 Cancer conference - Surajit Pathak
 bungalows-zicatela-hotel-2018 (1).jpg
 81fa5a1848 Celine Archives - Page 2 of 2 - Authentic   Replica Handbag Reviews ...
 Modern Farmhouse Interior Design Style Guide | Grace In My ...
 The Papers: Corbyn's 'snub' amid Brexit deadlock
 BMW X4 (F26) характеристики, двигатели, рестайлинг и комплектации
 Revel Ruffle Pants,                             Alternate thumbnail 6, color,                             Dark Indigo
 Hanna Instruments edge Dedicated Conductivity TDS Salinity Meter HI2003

·····

**EXERCISE GOAL**: Reproduce each record above exactly, keeping every word as it stands.

**ANSWER BELOW**:
 Cancer conference - Surajit Pathak
 bungalows-zicatela-hotel-2018 (1).jpg
 81fa5a1848 Celine Archives - Page 2 of 2 - Authentic   Replica Handbag Reviews ...
 Modern Farmhouse Interior Design Style Guide | Grace In My ...
 The Papers: Corbyn's 'snub' amid Brexit deadlock
 BMW X4 (F26) характеристики, двигатели, рестайлинг и комплектации
 Revel Ruffle Pants,                             Alternate thumbnail 6, color,                             Dark Indigo
 Hanna Instruments edge Dedicated Conductivity TDS Salinity Meter HI2003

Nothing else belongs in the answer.